Figure 2.8. Le contour du visage.

Le visage de François 1er.

Le contour du visage présente (figure 2.8) la forme d’un arc d’ellipse, dont le grand axe est

incliné comme celui de la tête. L’ellipse est centrée au point O’, situé sur un nœud du nouveau

maillage, sur la droite II’ passant par le point O.

A l'aide de ce deuxième maillage, il est facile d'évaluer les paramètres de l'ellipse du visage.

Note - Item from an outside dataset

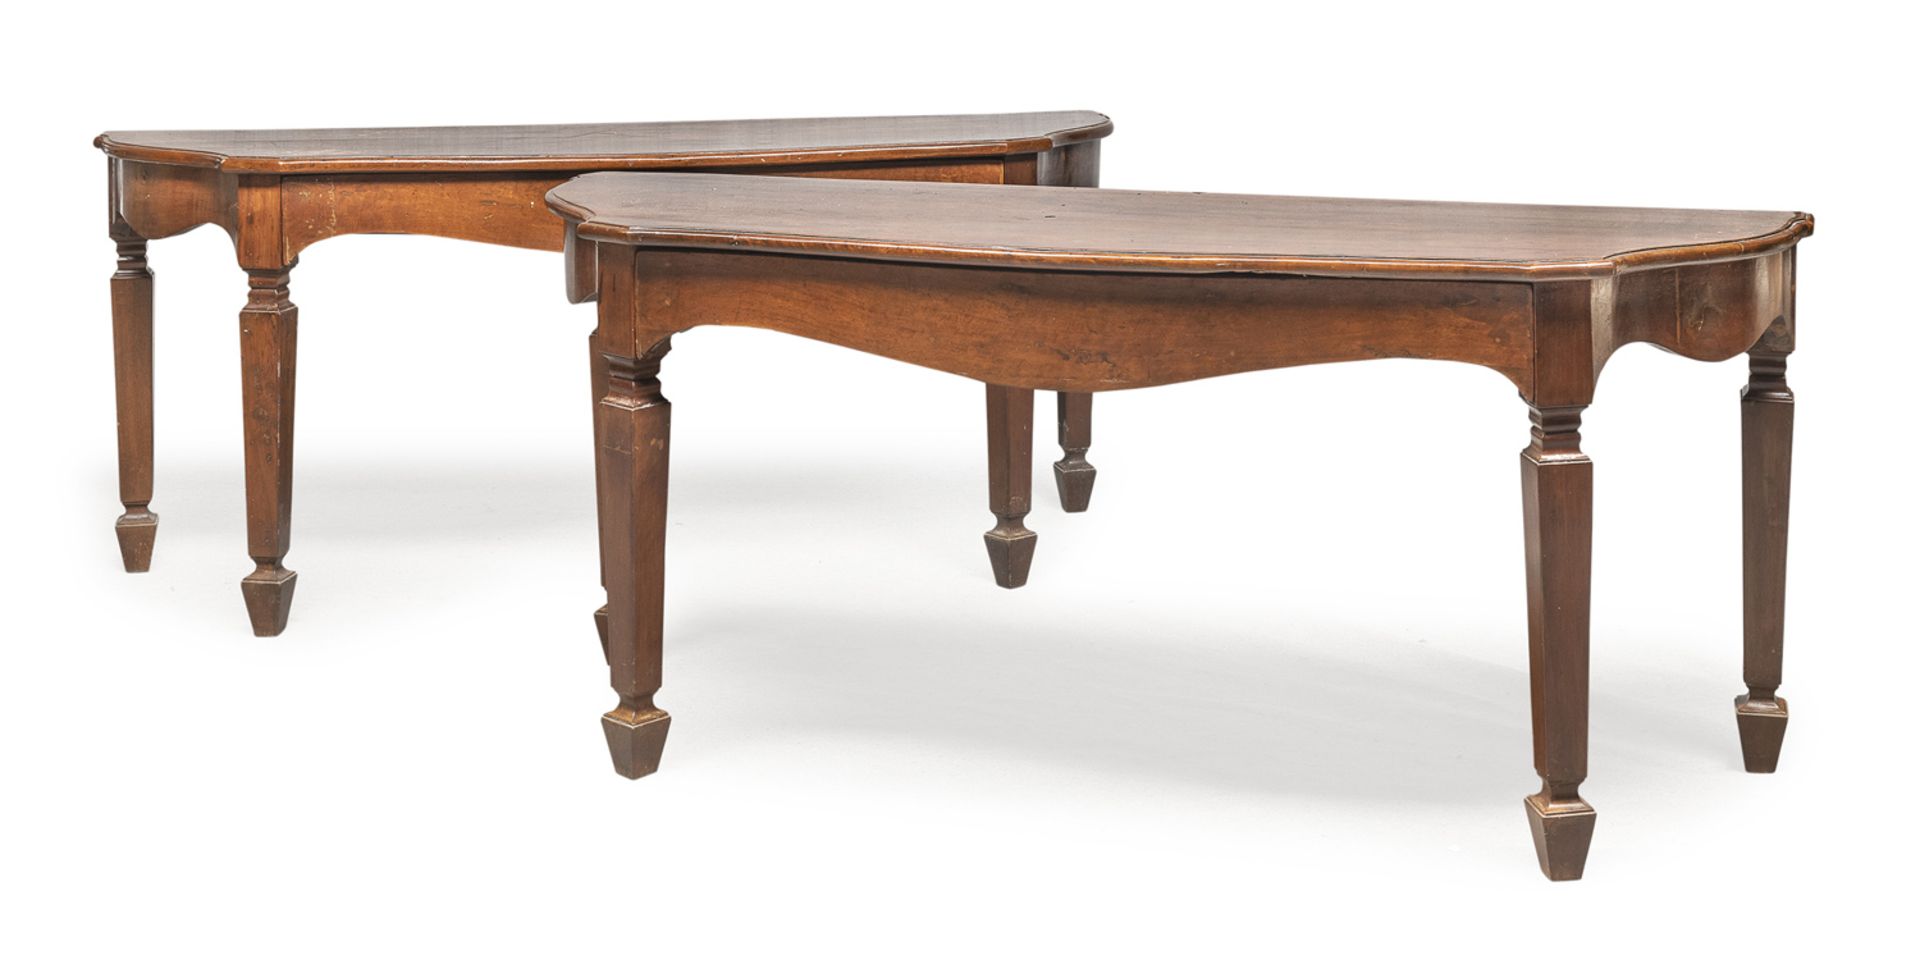 WALNUT TABLE DIVISIBLE IN TWO CONSOLES CENTRAL ITALY LATE 18th CENTURY
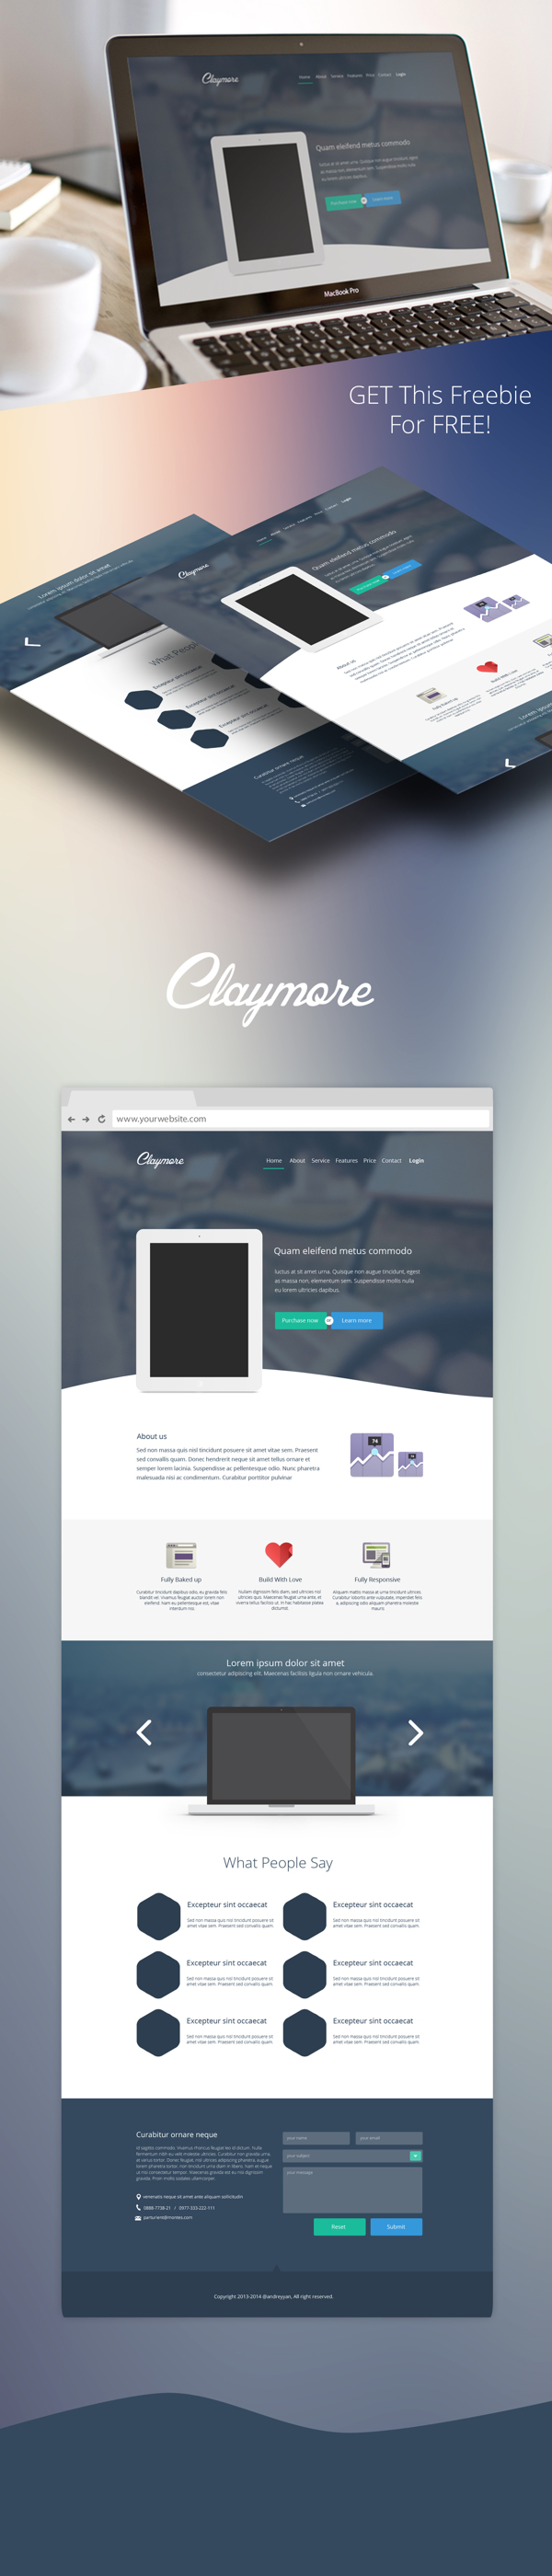 Claymore - App Landing Page

Le

demi-grand axe a' a pour valeur m’ v la hauteur de la nouvelle maille, et le demi-petit axe b’ a pour

valeur la largeur m’ h de la nouvelle maille. La distance focale f’ est égale au demi-petit axe b’,

comme le montre l’arc de cercle centré en O’ et de rayon m’ h . Son excentricité vaut ε = f’/a’ = m’ h/

m’ v = 1/√2 . C’est une ellipse particulière puisque b’ = f’.

Conclusion

Léonard de Vinci était encore en vie au moment où Jean Clouet a commencé à peindre ce tableau.

Nous pouvons faire deux hypothèses : soit Jean Clouet a peint ce tableau sur une étude préparatoire

dessinée par Léonard, soit il a déjà bien assimilé sa technique géométrique comme nous le verrons

dans les autres tableaux.

3. Portrait de Charlotte de France

Le tableau peint vers 1522 est une huile sur bois mesurant 17,78 x 13,34 cm. Une variante de ce

petit tableau existe à Chicago dans une collection particulière.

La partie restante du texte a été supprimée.